An Underfunded FDA Fights Back - Under fire, FDA is taking steps to regain its stature as an effective science-based regulatory agency. - BioPharm International


An Underfunded FDA Fights Back
Under fire, FDA is taking steps to regain its stature as an effective science-based regulatory agency.

BioPharm International
Volume 21, Issue 5


CDER Director Janet Woodcock faces the daunting task of dealing with resource issues while reshaping the organization to handle added postmarket safety initiatives. CDER has gained the funding to add some 400 staffers, but the task of hiring and training a whole new cadre of reviewers and analysts will consume considerable time and energy.

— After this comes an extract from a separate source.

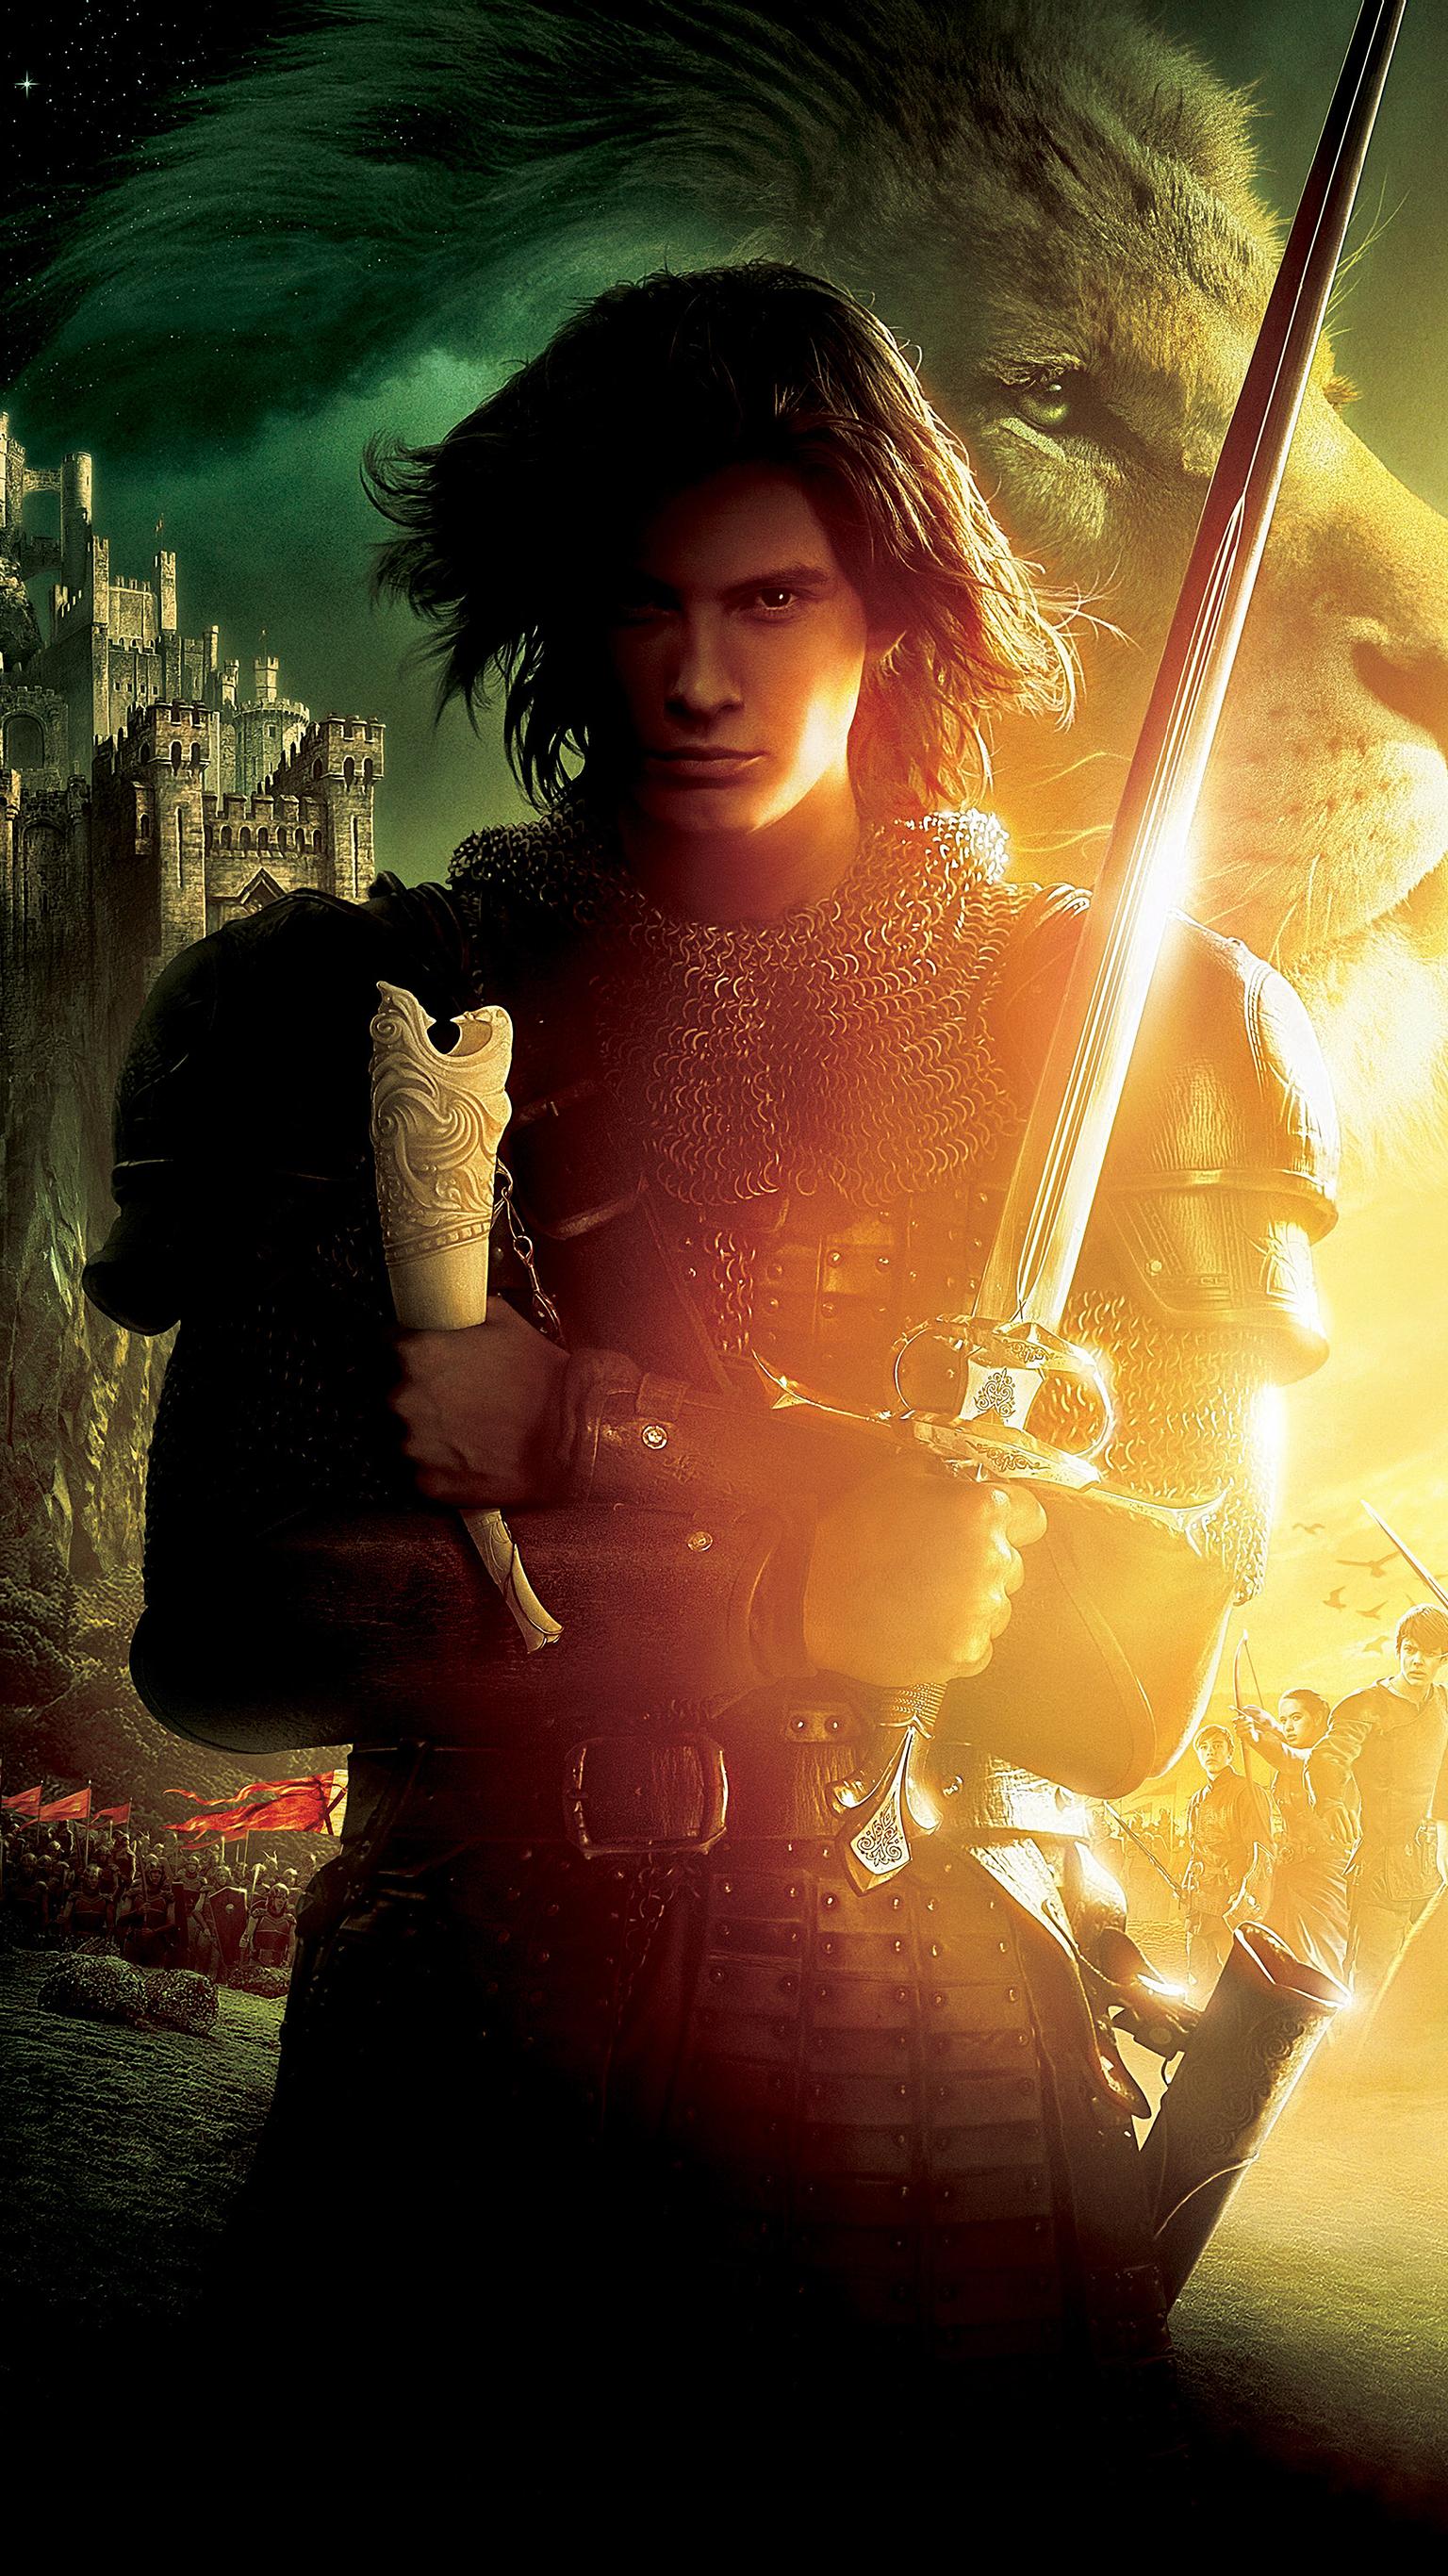 The Chronicles of Narnia: Prince Caspian (2008) Phone Wallpaper

Meanwhile, Woodcock is taking steps to expand drug safety monitoring and ensure safe medication use. In late February, CDER announced a new Safety First initiative to orchestrate collaborative oversight of risk issues and avoid clashes between CDER's new drug review offices and the Office of Surveillance and Epidemiology (OSE). A Safety First steering committee is clarifying internal processes for managing significant safety issues, Woodcock said in a staff memo. High-level managers have been named to every drug review office to monitor and coordinate assessment of safety issues. OSE has lead regulatory responsibility for observational epidemiologic studies and medication error prevention, including review of proprietary names, packaging, and container labeling. But safety officers won't get a veto over approvals, as some parties recommended.

To handle these and other new postmarket surveillance activities, CDER has expanded OSE from three to five divisions to better monitor adverse events, weigh safety issues in applications, and review risk management plans. And OSE Director Gerald Dal Pan heads up an expanded staff that oversees OSE management and communications and policy development.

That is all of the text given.